=== Section Start ===
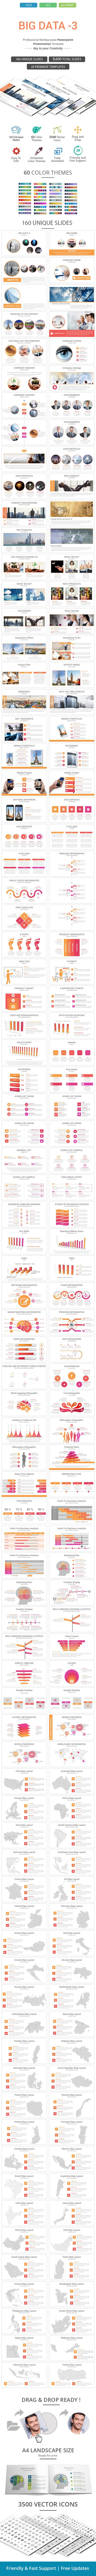 Big Data 3 PowerPoint Presentation Template
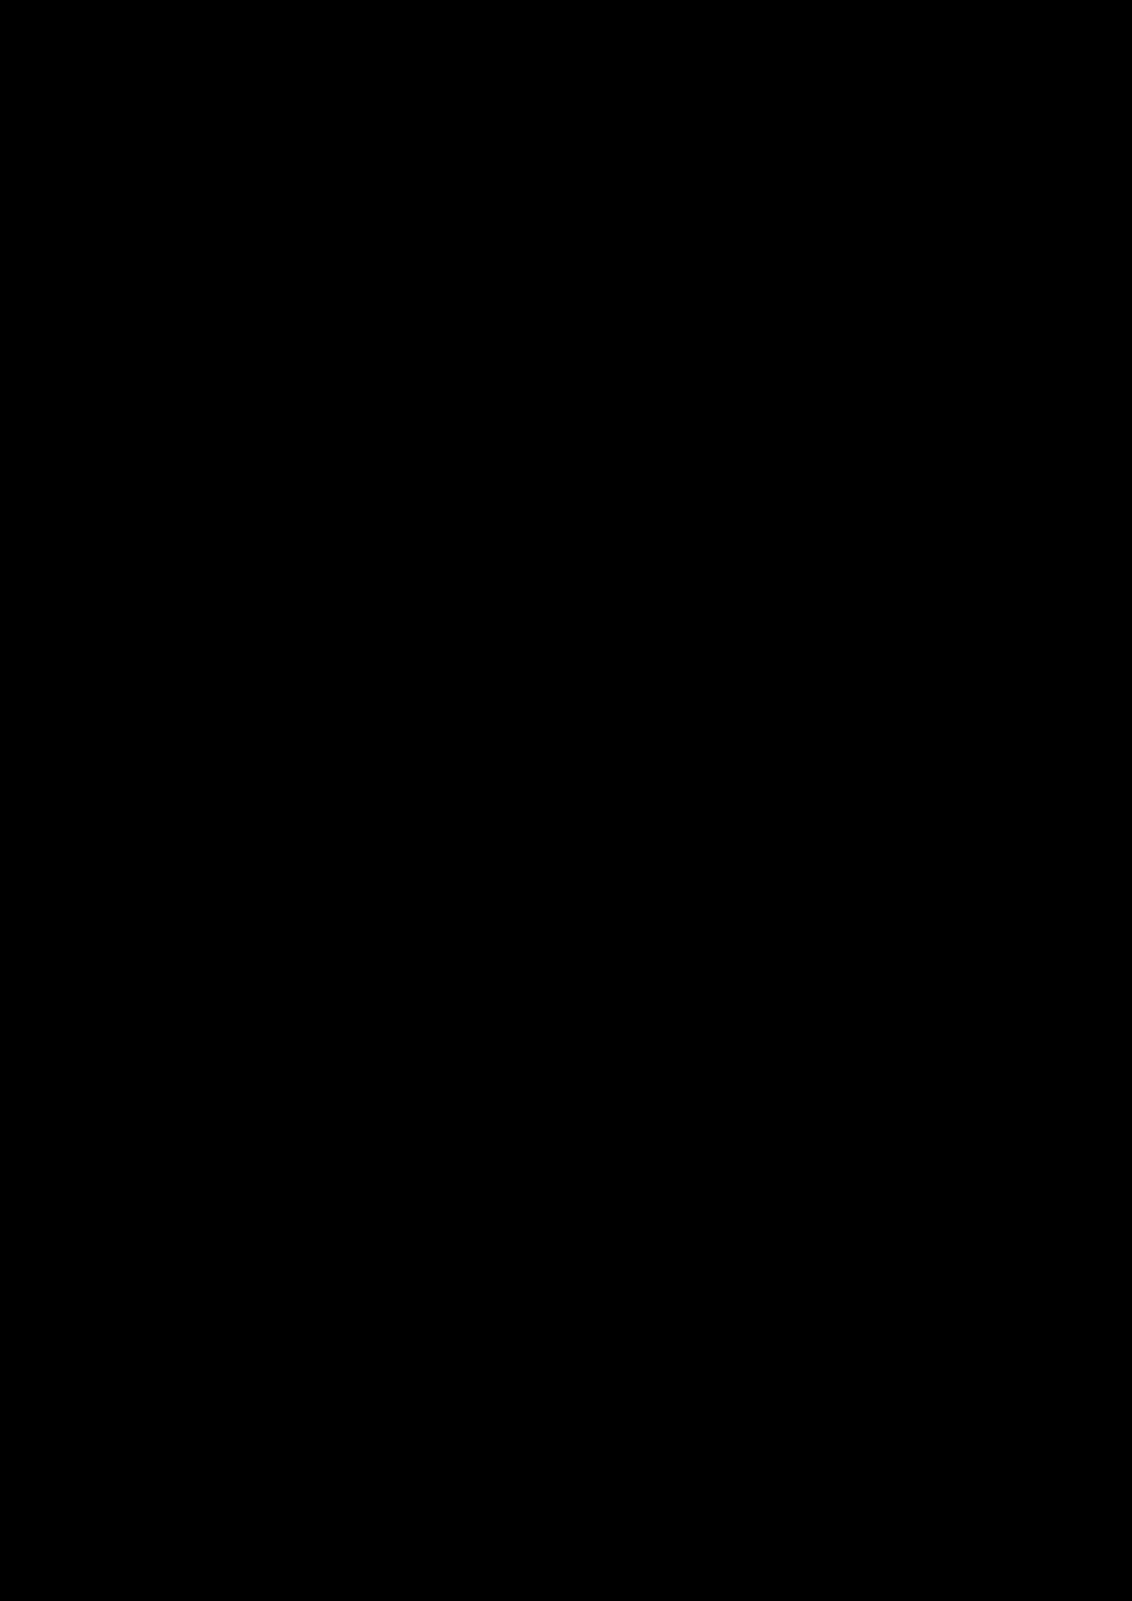 Ten lyubvi slide, Image 30
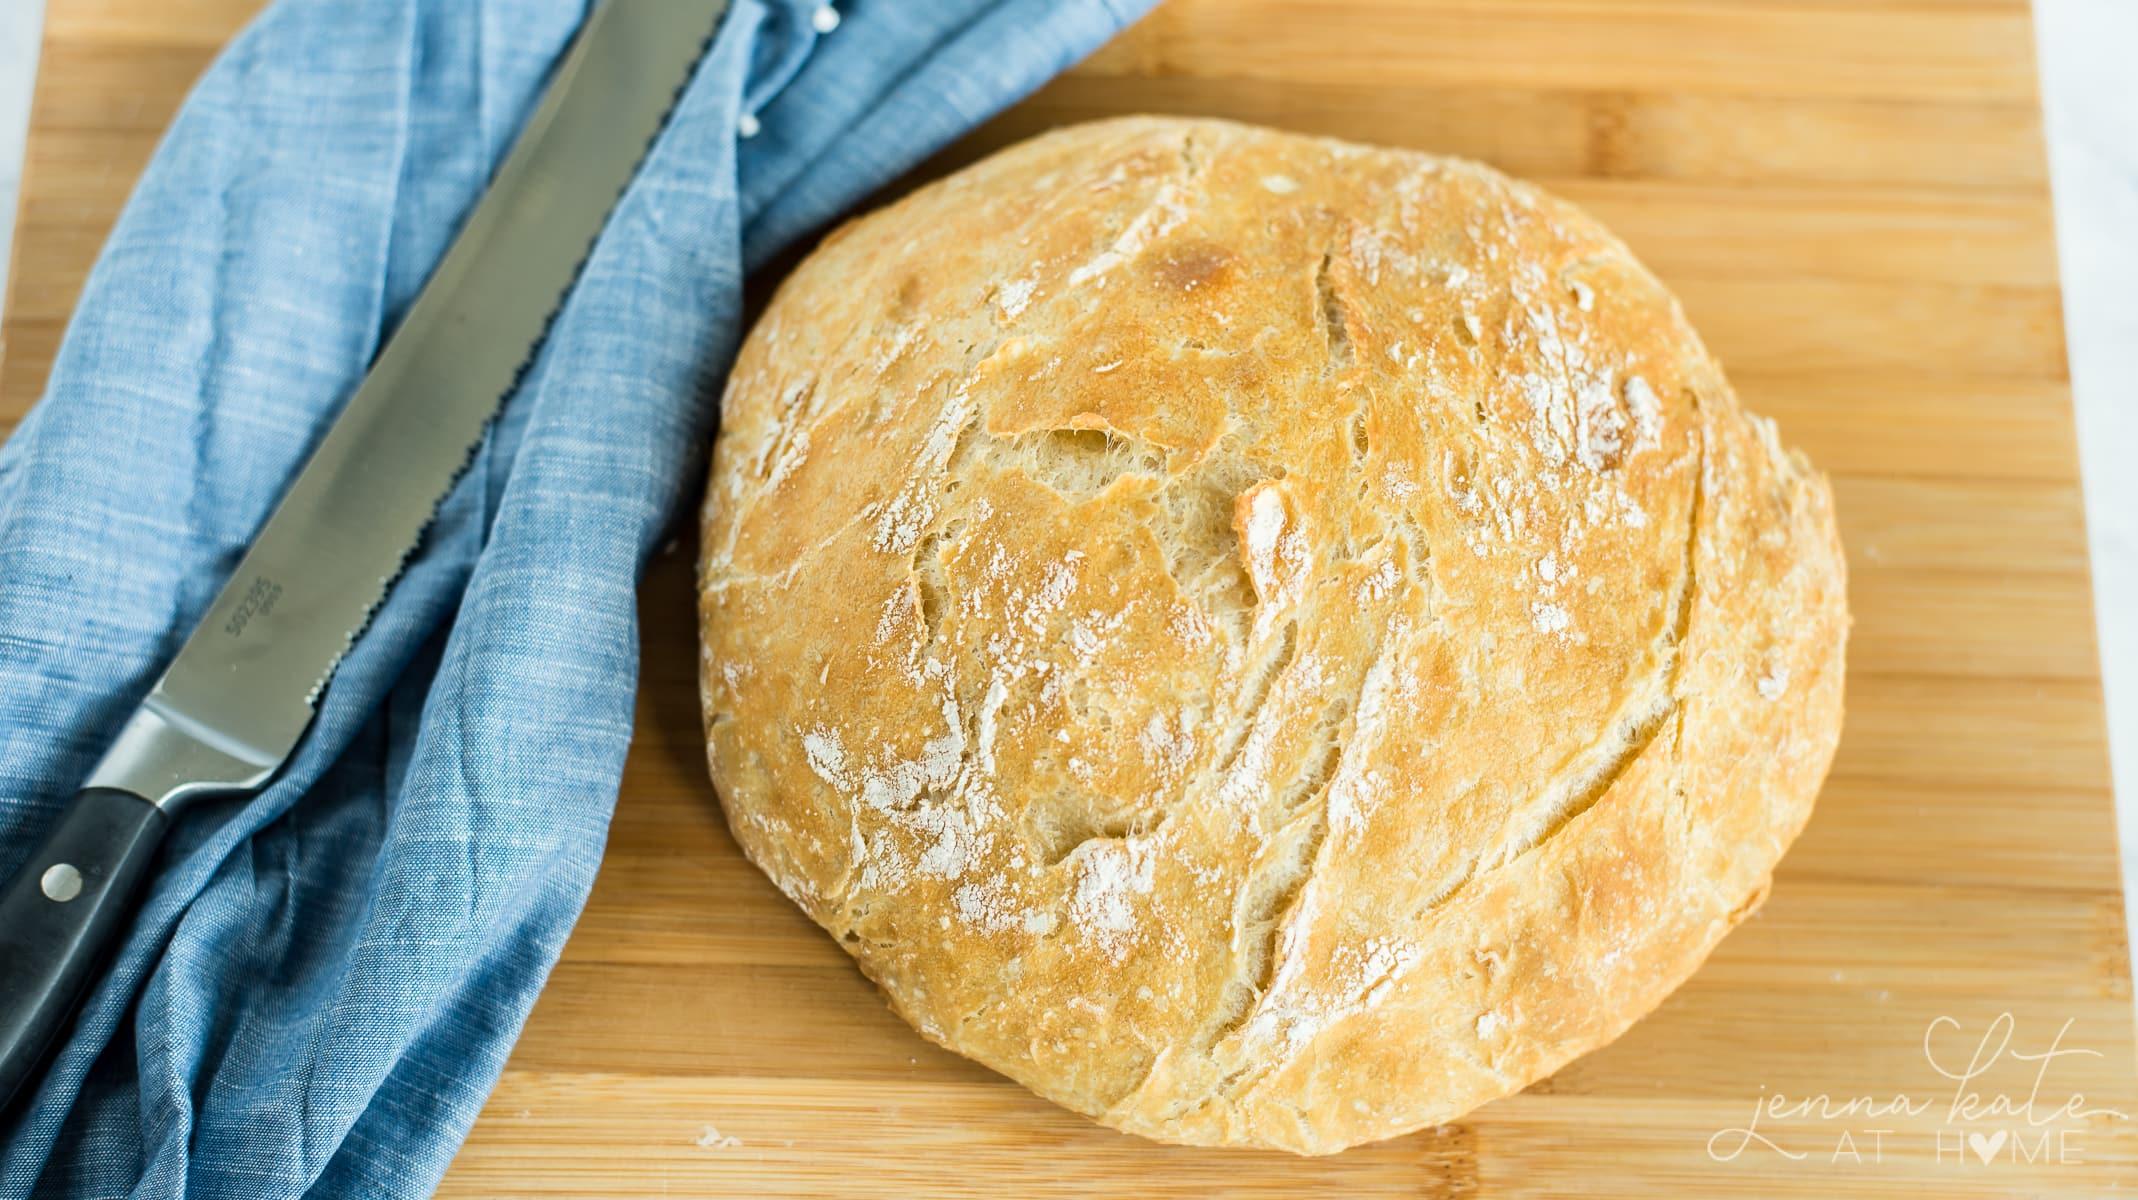 quick crunch artisanal bread recipe
=== Section End ===
ASSIGNMENT: Print verbatim every line above, apart from the pictures.

SOLUTION:
 Big Data 3 PowerPoint Presentation Template
 Ten lyubvi slide, Image 30
 quick crunch artisanal bread recipe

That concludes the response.